The Sample Pearson product moment correlation coefficient is a measure of
the linear association between variables. The boundary on the computed
coefficient ranges from -1.00 to +1.00.
Note that high correlation does not imply a causal relationship between
the variables.
The coefficient of correlation between two variables has the following four extreme values:
1. -1.00 : Association between the variables is perfectly linear, but inverse.
As the value for 'value_expression1' varies, the value for
'value_expression2' varies identically in the opposite direction.
2. 0 : Association between the variables does not exist and they are considered
to be uncorrelated.
3. +1.00 : Association between the variables is perfectly linear.
As the value for 'value_expression1' varies, the value for
'value_expression2' varies identically in the same direction.
4. NULL : Association between the variables cannot be measured because there
are no non-null data point pairs in the data used for the computation.
PARAMETERS:
value_expression1:
Required Argument.
Specifies a ColumnExpression of a numeric column or a numeric literal
to be correlated with value_expression2.
Format for the argument: '<dataframe>.<dataframe_column>.expression'.
value_expression2:
Required Argument.
Specifies a ColumnExpression of a numeric column or a numeric literal
to be correlated with value_expression1.
Format for the argument: '<dataframe>.<dataframe_column>.expression'.
NOTE:
Function accepts positional arguments only.
EXAMPLES:
# Load the data to run the example.
>>> load_example_data("dataframe", "admissions_train")
>>>
# Create a DataFrame on 'admissions_train' table.
>>> admissions_train = DataFrame("admissions_train")
>>> admissions_train
masters gpa stats programming admitted
id
22 yes 3.46 Novice Beginner 0
36 no 3.00 Advanced Novice 0
15 yes 4.00 Advanced Advanced 1
38 yes 2.65 Advanced Beginner 1
5 no 3.44 Novice Novice 0
17 no 3.83 Advanced Advanced 1
34 yes 3.85 Advanced Beginner 0
13 no 4.00 Advanced Novice 1
26 yes 3.57 Advanced Advanced 1
19 yes 1.98 Advanced Advanced 0
>>>
# Example 1: Calculate the correlation between "gpa" and "admitted" columns.
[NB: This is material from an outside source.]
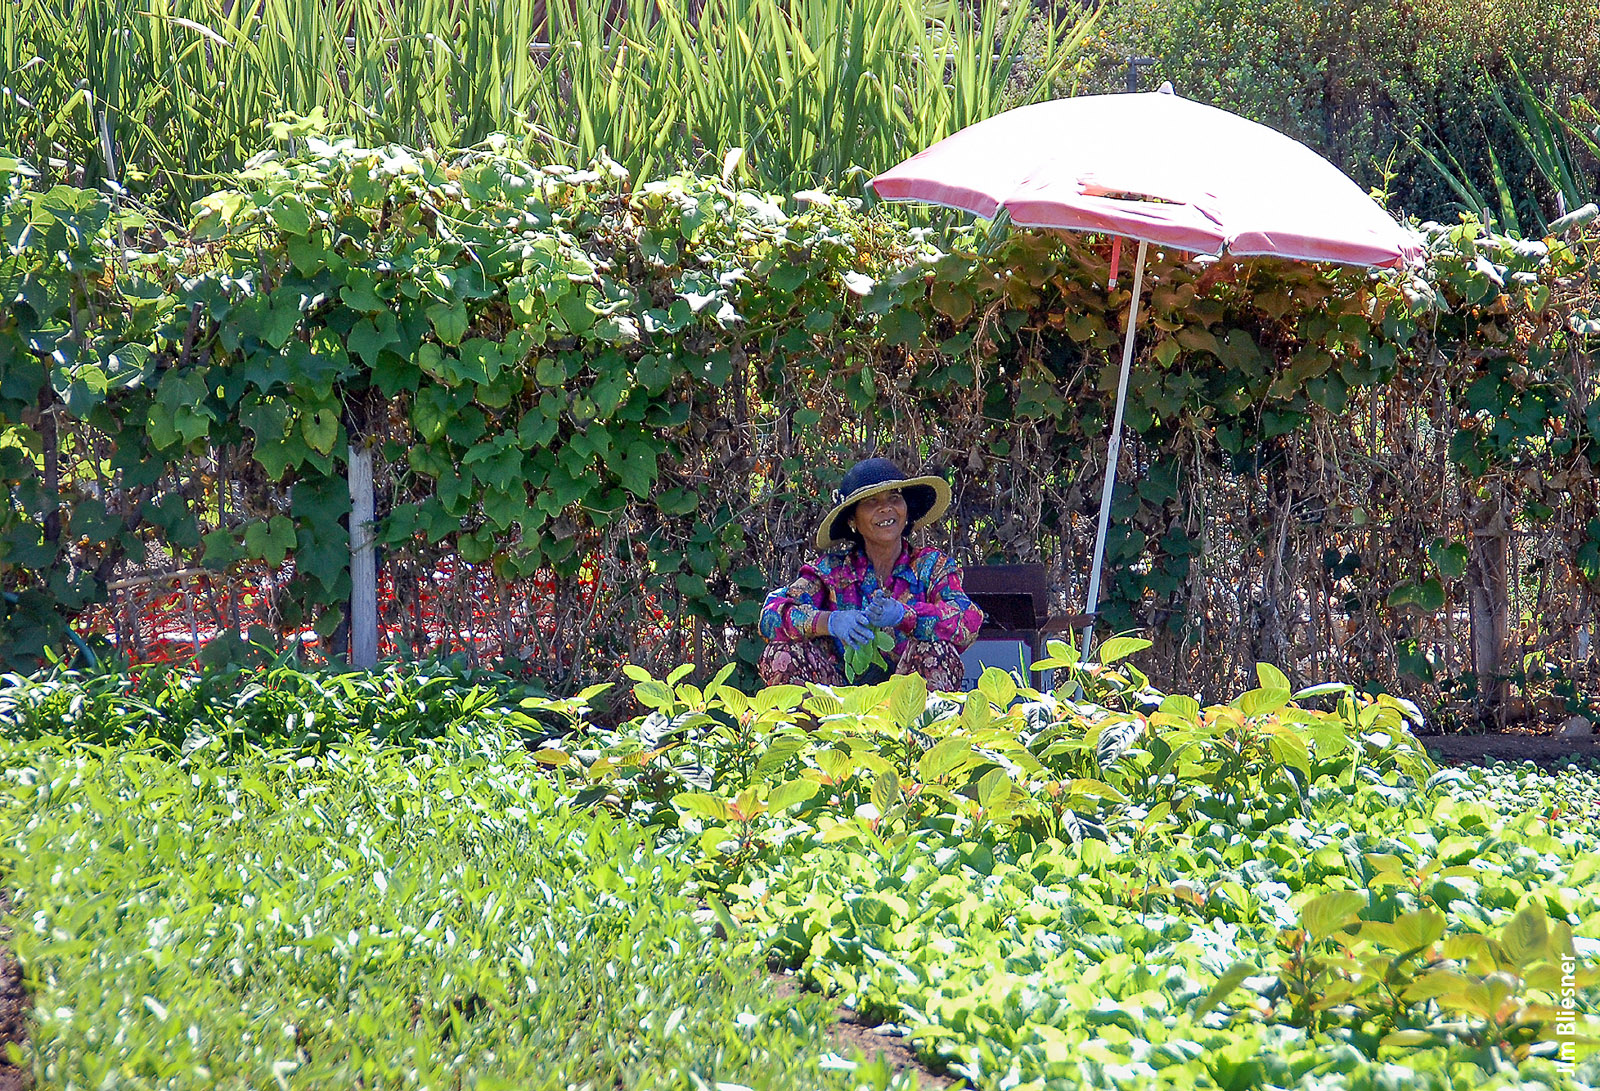 A gardener works in the shade at Tijuana River Valley Community Garden. The study survey collected information on what factors draw people to community gardening, including social, well-being and economic reasons.

# Import func from sqlalchemy to execute corr function.
>>> from sqlalchemy import func
# Create a sqlalchemy Function object.
>>> corr_func_ = func.corr(admissions_train.gpa.expression, admissions_train.admitted.expression)
>>>
# Pass the Function object as input to DataFrame.assign().
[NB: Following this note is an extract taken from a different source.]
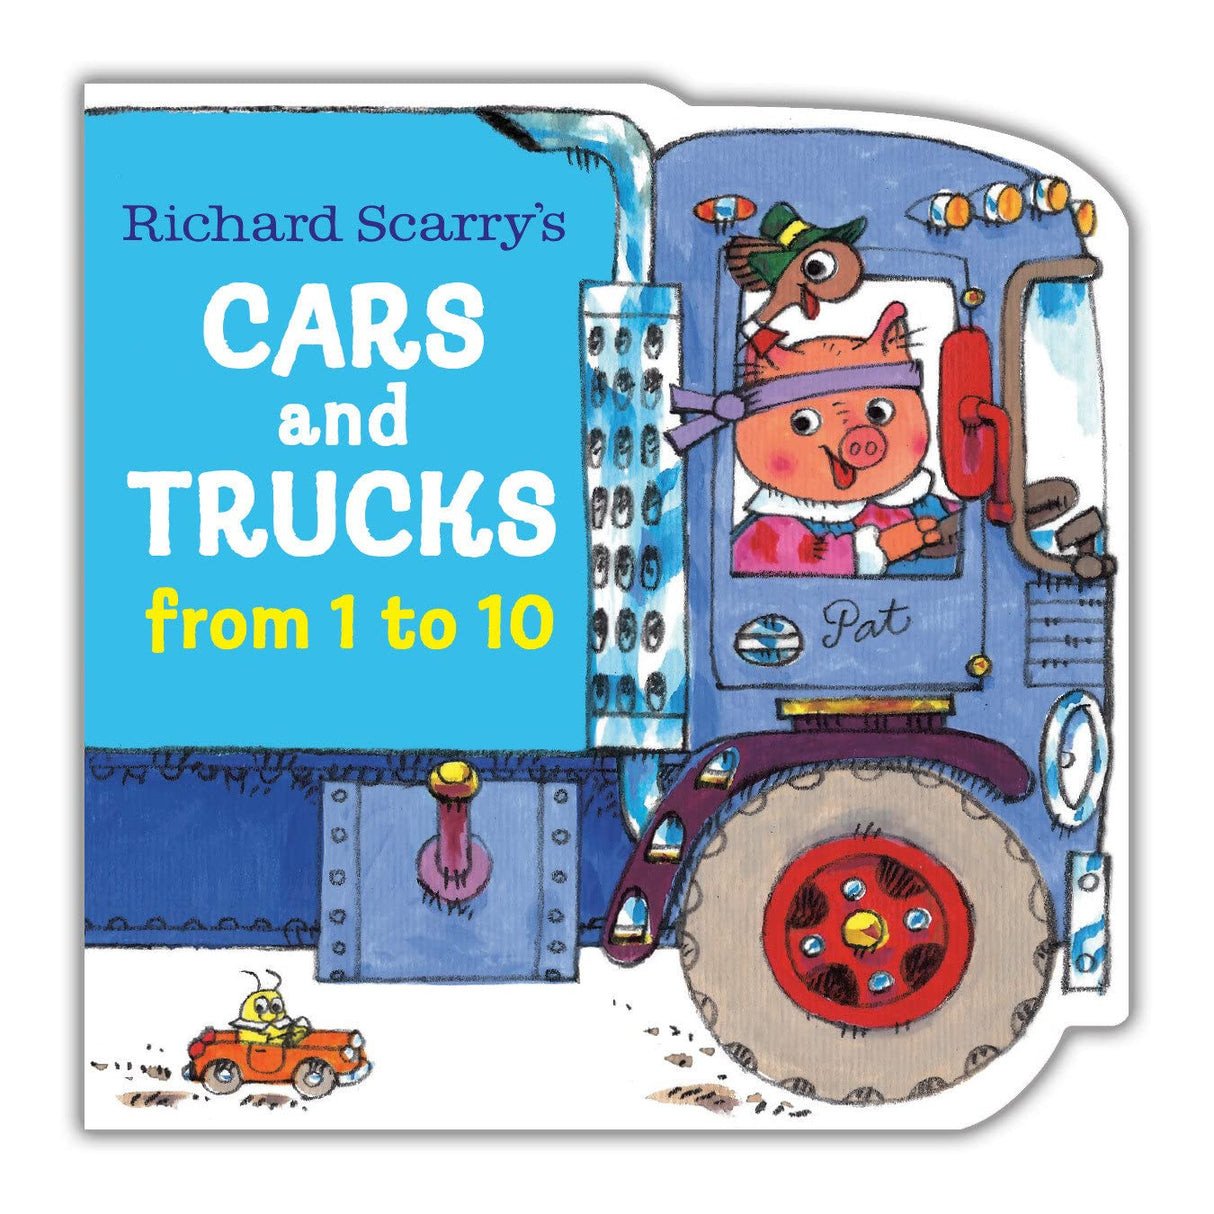 Richard Scarry's Cars and Trucks 1-10

>>> df = admissions_train.assign(True, corr_gpa_admitted_=corr_func_)
>>> print(df)
corr_gpa_admitted_
0 -0.022265
>>>
# Example 2: Calculate the correlation between "gpa" and "admitted" columns
# for each level of programming.
# Note:
# When assign() is run after DataFrame.groupby(), the function ignores
# the "drop_columns" argument.
>>> admissions_train.groupby("programming").assign(corr_gpa_admitted_=corr_func_)
programming corr_gpa_admitted_
0 Beginner -0.417565
1 Advanced 0.487737
2 Novice -0.114656
>>>
|